CW: I’m writing a book for Rodale that I’m very excited about. It coalesces many unique variations that are based on what the neuroscience research has demonstrated over the decades. As far as I know, it’s the first book on training for size, strength and performance that really delves into nervous system control over your muscles. I didn’t create the science, I just put the pieces together.
Mike, there’s an entire chapter on mobility and flexibility training that really encompasses some great, practical information. Most people suffer, or will suffer from shoulder, knee and low back problems. I outline tests and solutions to help you identify and overcome those limitations.
The nutritional chapter is a monster. I get into all of the hormones that you want to maximize and minimize, and I outline simple, effective ways to manipulate your own nutritional plan to take advantage of those hormones. The book will be available in mid-2008.
That’s what’s taking up most of my time, right now.
But I’m also the director of strength and conditioning for Rickson Gracie’s International Jiu-Jitsu facility in Los Angeles. Rickson’s school is one of the best in the world and working with his competition team is a real joy and honor. I’m sure many people wonder how I train his team, but there are simply too many elements to discuss. I will, however, give a brief overview of how many of the sessions are sometimes arranged.
Typically, the sessions start out with mobility work. Then we merge into body weight exercises. Then we train with heavy throw bags before going to maximal strength posterior chain training with barbells. Then it’s on to complexes. Then we do single-limb exercises with dumbbells and kettlebells. Then it’s on to band training. Finally, we finish up with flexibility work.
The key, however, is to identify weaknesses. Therefore, I have a myriad of tests I use to determine what sequence of exercises is best for which fighters.
And I just finished shooting a DVD with another fitness professional. It’s an incredible, high-quality product that was shot in high-definition video from an outstanding television crew. I can’t get into the details of what it covers at this point, but it’s going to be good.
Beyond the book and training Rickson’s team I don’t have time for much else. But somehow I still manage to write articles, read up on the latest research, and train some athletes whenever I get a chance.
MR: Damn Chad, you really are busy! Beyond the new book deal, you’ve already released a print book and an e-book. What’s the basic premise behind those? For those who may be interested, who are those books geared towards?
CW: The first book I wrote, Muscle Revolution, is an excellent overview of my training and nutritional principles. It covers plenty of variables such as program design, nutrition, and it also includes an incredible strength-building program called the Total Strength Program.
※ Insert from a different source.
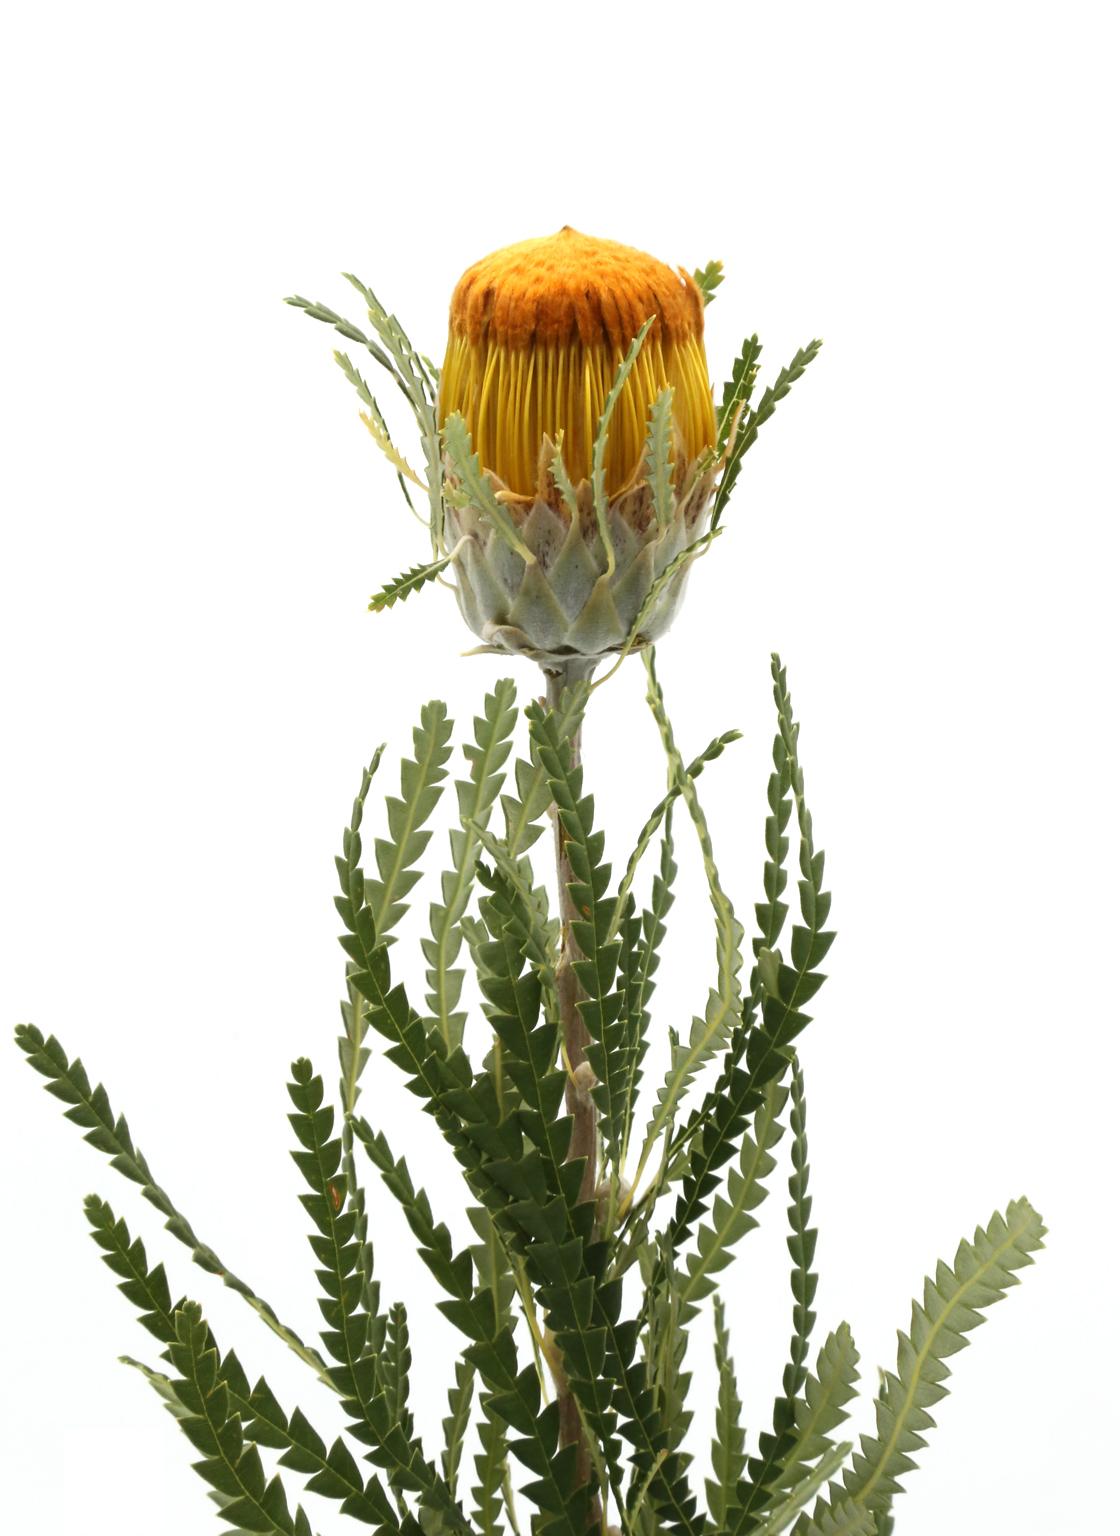 banksia-dryandra

The book has been a huge hit and you can purchase it here.
Over the years, one of the most requested end-results I’ve received is for a program that will burn off 10 pounds of fat and build 10 pounds of muscle. So I decided to write an e-book that will do it. It alternates between total-body metabolic training and high frequency training along with a simple, effective nutritional plan. The book is an excellent investment for anyone that wants to lose fat and build muscle. You can purchase it here.
MR: Sweet! You also mentioned you’re training some MMA fighters. What’s that all about?
CW: I haven’t been doing a lot of one-on-one training since I’m so busy with other projects, but I do work with fighters. When I first moved to LA in January I trained a MMA fighter. He ended up winning the belt in his division. After that, I worked with a champion kickboxer who happens to be the trainer of one of the most famous girls in the world. And I’m working with another fighter right now who has an excellent future in K-1 and other mixed martial arts’ organizations.
And I still work with professional athletes whenever my time frees up, which is rare these days. I trained Robert Lang from the Chicago Blackhawks over the summer and it was a lot of fun. He made incredible progress in just a few months.
MR: Along those same lines, what are some obvious flaws you see others make in training MMA fighters?
CW: Number one is too much extreme endurance work. Running for an hour has very little carry-over to fighters and it limits their ability to train for maximum power. They really need to build their intermediate energy system. You can’t go wrong with a circuit of heavy throw bags, complexes, and single limb training.
Another big problem with many fighters is overtraining. Most have no idea how to periodize their training so they won’t be fatigued for the event. Randy Couture has said that one of his biggest problems in the past was overtraining, so he made modifications. I think it’s safe to say that it’s working!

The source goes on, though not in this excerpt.